Страница 13 из 75
— А как англичане? Они выкупают своих?
— Не могу сказать точно. Говорят, будто в скором времени король в Лондоне накопит достаточно денег, чтобы потратить их на своих подданных. Если это случится, я продолжу свой путь и смогу передать королю Англии поклон от мискито.
И тут Гектор не смог удержаться от вопроса, мучившего его с тех пор, как он сошел на берег.
— Дан, вы говорите, что в баньо одни мужчины. А что происходит с захваченными женщинами? Куда их отправляют?
Мискито уловил боль в голосе Гектора.
— Почему вы спрашиваете? Захватили вашу женщину? Жену, да?
— Сестру. Элизабет. Ее взяли одновременно со мной, но посадили на другой корабль, и он не прибыл сюда, в Алжир.
— А ваша Элизабет красивая?
— Ее подружки говаривали, что Элизабет в младенчестве купали в майской росе. Там, откуда я происхожу, молодые женщины собирают утреннюю росу на рассвете первого дня мая и умываются ею. Считается, что от этого они станут красавицами на весь год.
— Если она так хороша, как вы говорите, — ответил Дан, — тогда вам не о чем беспокоиться. Турки обращаются с пленницами совсем иначе, чем с пленниками. Они никогда не выставляют женщин на торги и относятся к ним с уважением. Но все равно женщины — узницы, и если кто-то из них родом из богатой или влиятельной семьи, турки потребуют большой выкуп.
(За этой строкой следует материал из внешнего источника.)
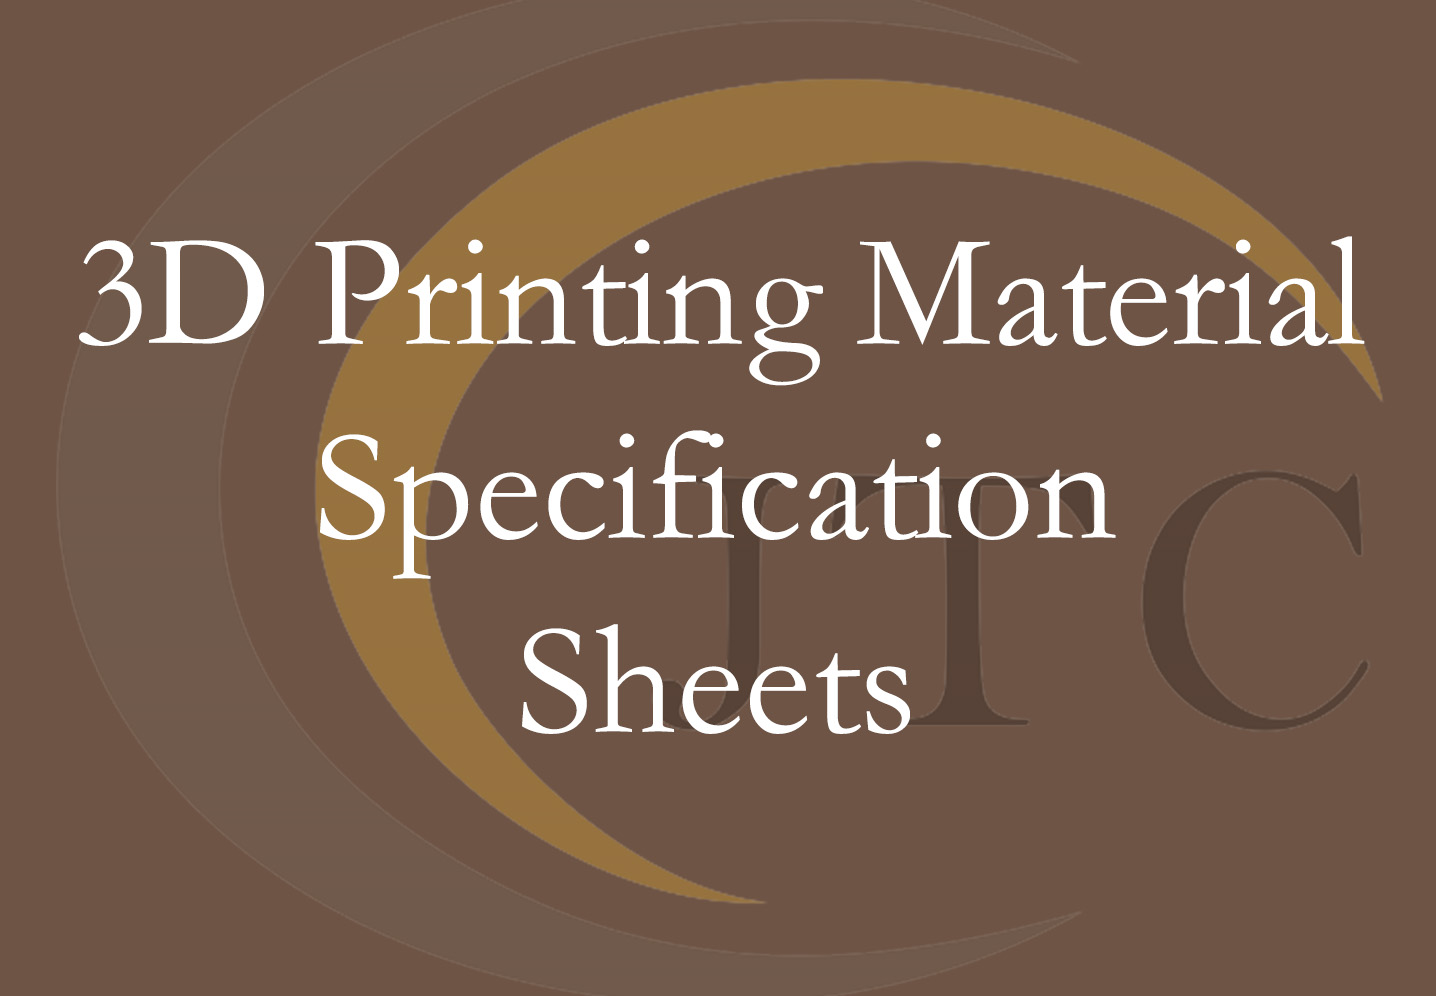 3D Printing Materials Specification Sheets Design Guide

— А если у женщины нет богатой родни? — тихо спросил Гектор.
— Тогда красивая женщина останется в доме своего владельца. Она будет служанкой — или даже выйдет замуж за своего похитителя. — Дан замолчал, не зная, как осторожно объяснить, что, вероятнее всего, Элизабет станет наложницей своего хозяина, но тут со двора донеслись свист и ругань. — Пошли. Людей пригнали с работ. А вам нужно многое узнать, если вы хотите выжить в баньо.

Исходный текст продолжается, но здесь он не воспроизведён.